Cependant, avec le temps, la richesse et la population se développent et, avec ce développement, il se manifeste, un accroissement dans le mouvement de la société ; dès lors, le mari échange des services contre ceux de sa femme, les parents contre ceux de leurs enfants, et les enfants échangent des services réciproques ; l’un fournit le poisson, l’autre la viande, un troisième du blé, tandis qu’un quatrième transforme la laine en drap. À chaque pas, nous constatons un accroissement dans la rapidité du mouvement, en même temps qu’un accroissement de force de la part de l’homme[4]. »

D’ailleurs, en fait, on peut observer que le travail devient plus continu à mesure qu’il se divise davantage. Les animaux, les sauvages travaillent de la manière la plus capricieuse, quand ils sont poussés par la nécessité de satisfaire quelque besoin immédiat. Dans les sociétés exclusivement agricoles et pastorales, le travail est presque tout entier suspendu pendant la mauvaise saison. À Rome, il était interrompu par une multitude de fêtes ou de jours néfastes[5]. Au moyen âge, les chômages sont encore multipliés[6]. Cependant, à mesure que l’on avance, le travail devient une occupation permanente, une habitude et même, si cette habitude est suffisamment consolidée, un besoin. Mais elle n’aurait pu se constituer, et le besoin correspondant n’aurait pu naître, si le travail était resté irrégulier et intermittent comme autrefois.
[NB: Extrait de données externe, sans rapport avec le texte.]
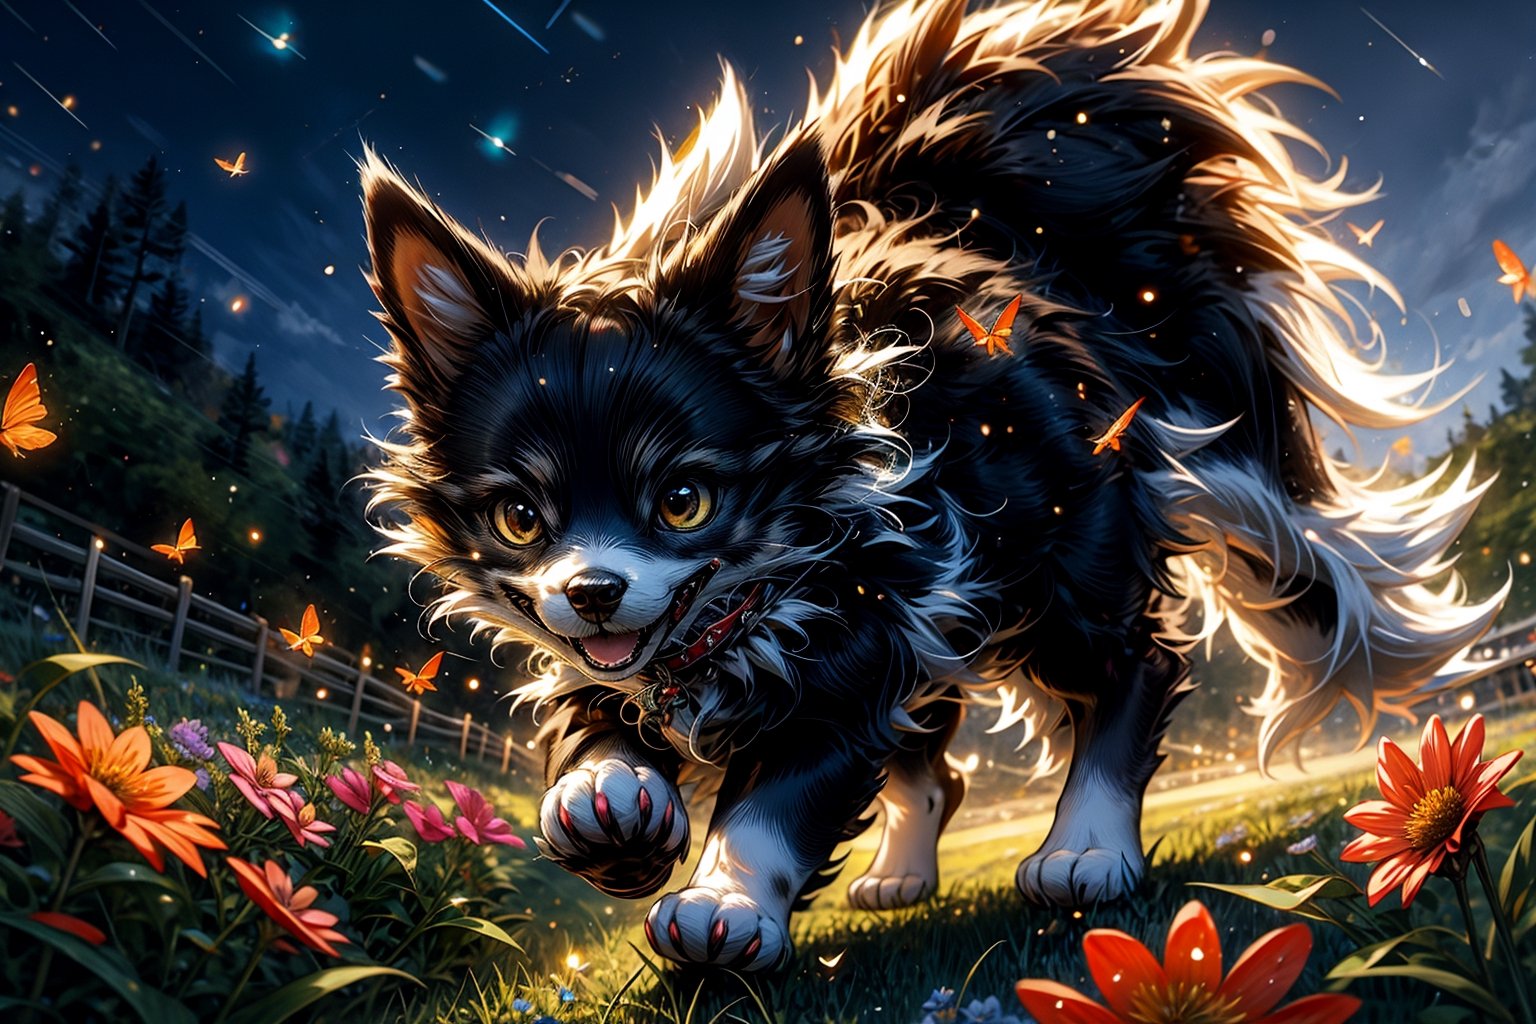 High quality, masterpiece, a dog chasing a group of fireflies across a plain full of wildflowers
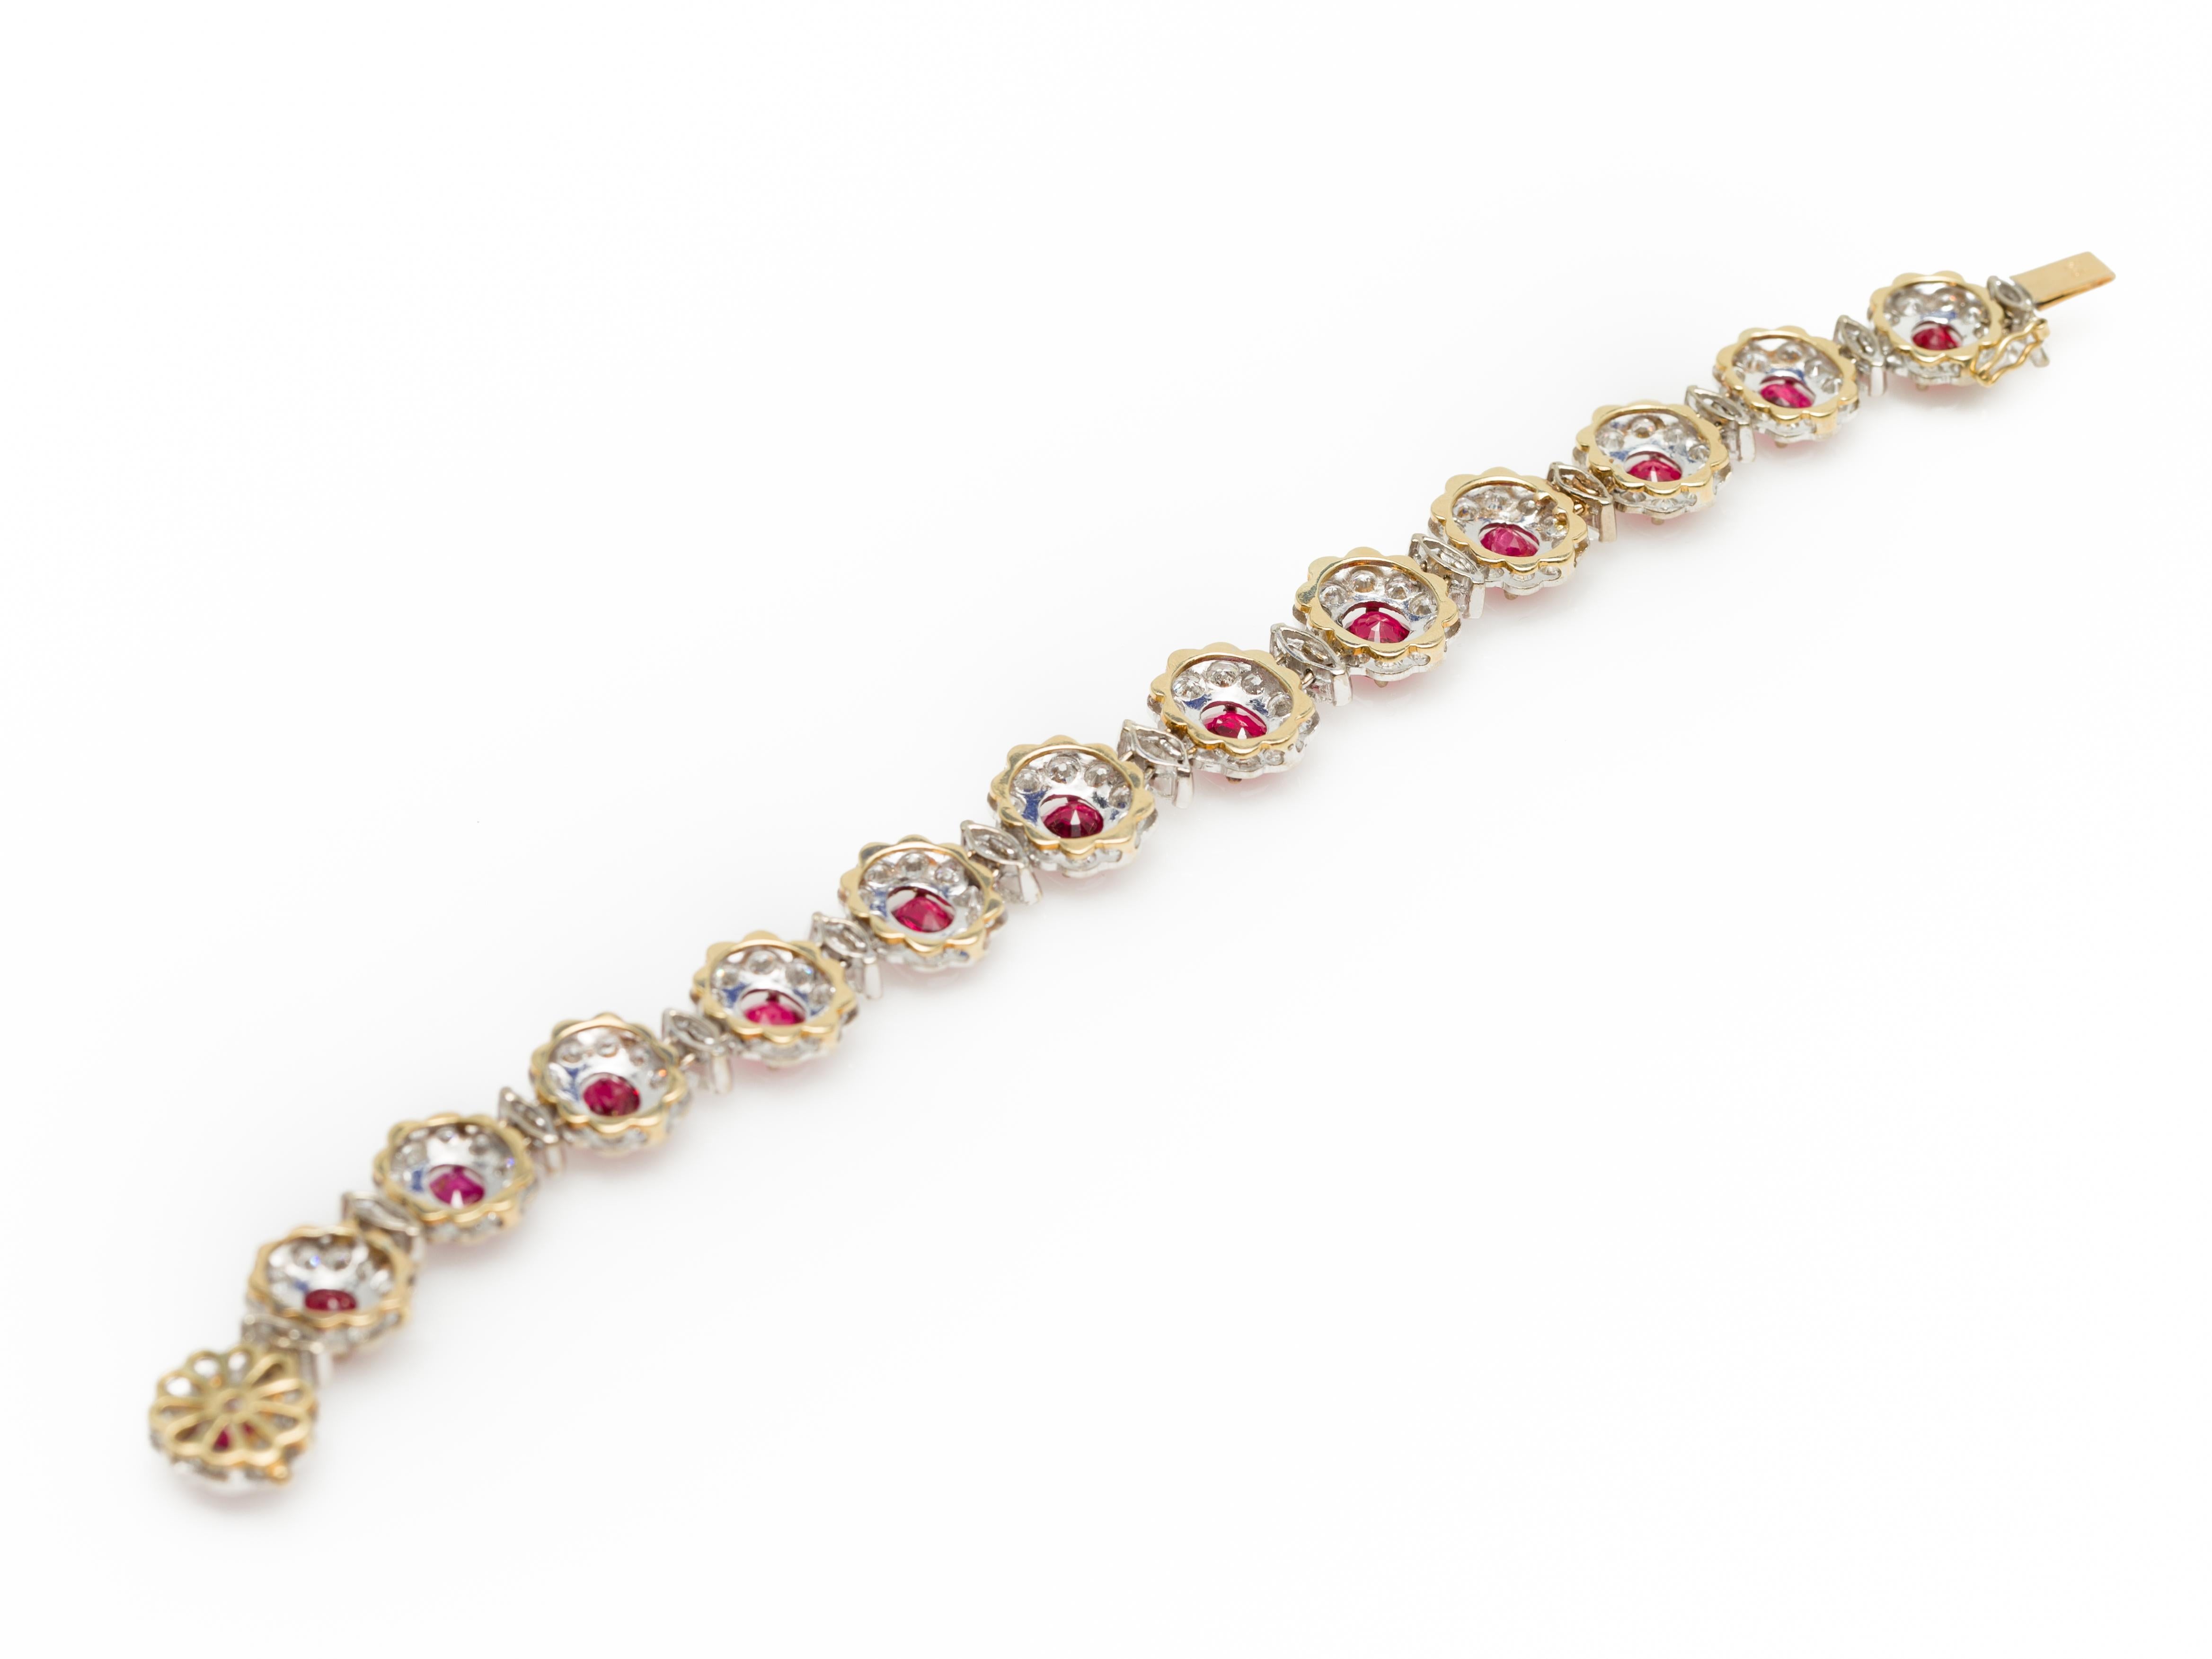 10.60 Carat Diamond and 10.25 Carat Spinel Bracelet in 18K Yellow and White Gold 3

Nous sommes ainsi conduits à reconnaître une nouvelle raison qui fait de la division du travail une source de cohésion sociale. Elle ne rend pas seulement les individus solidaires, comme nous l’avons dit jusqu’ici, parce qu’elle limite l’activité de chacun, mais encore parce qu’elle l’augmente. Elle accroît l’unité de l’organisme, par cela seul qu’elle en accroît la vie ; du moins, à l’état normal, elle ne produit pas un de ces effets sans l’autre.

  1. Spencer, Principes de biologie, ii, 131.
  2. Spencer, Principes de biologie, II, 131.
  3. Bien entendu, ce n’est là qu’une manière d’exposer les choses. Ce n’est pas ainsi qu’elles se sont historiquement passées. L’homme n’a pas découvert un beau jour qu’il avait un voisin.
  4. Science sociale, trad. franç., I, 229-231.
  5. V. Marquardt, Roem Staatsverwaltung, III, 545 et suiv.
  6. V. Levasseur, Les Classes ouvrières en France jusqu’à la Révolution, I, 474 et 475.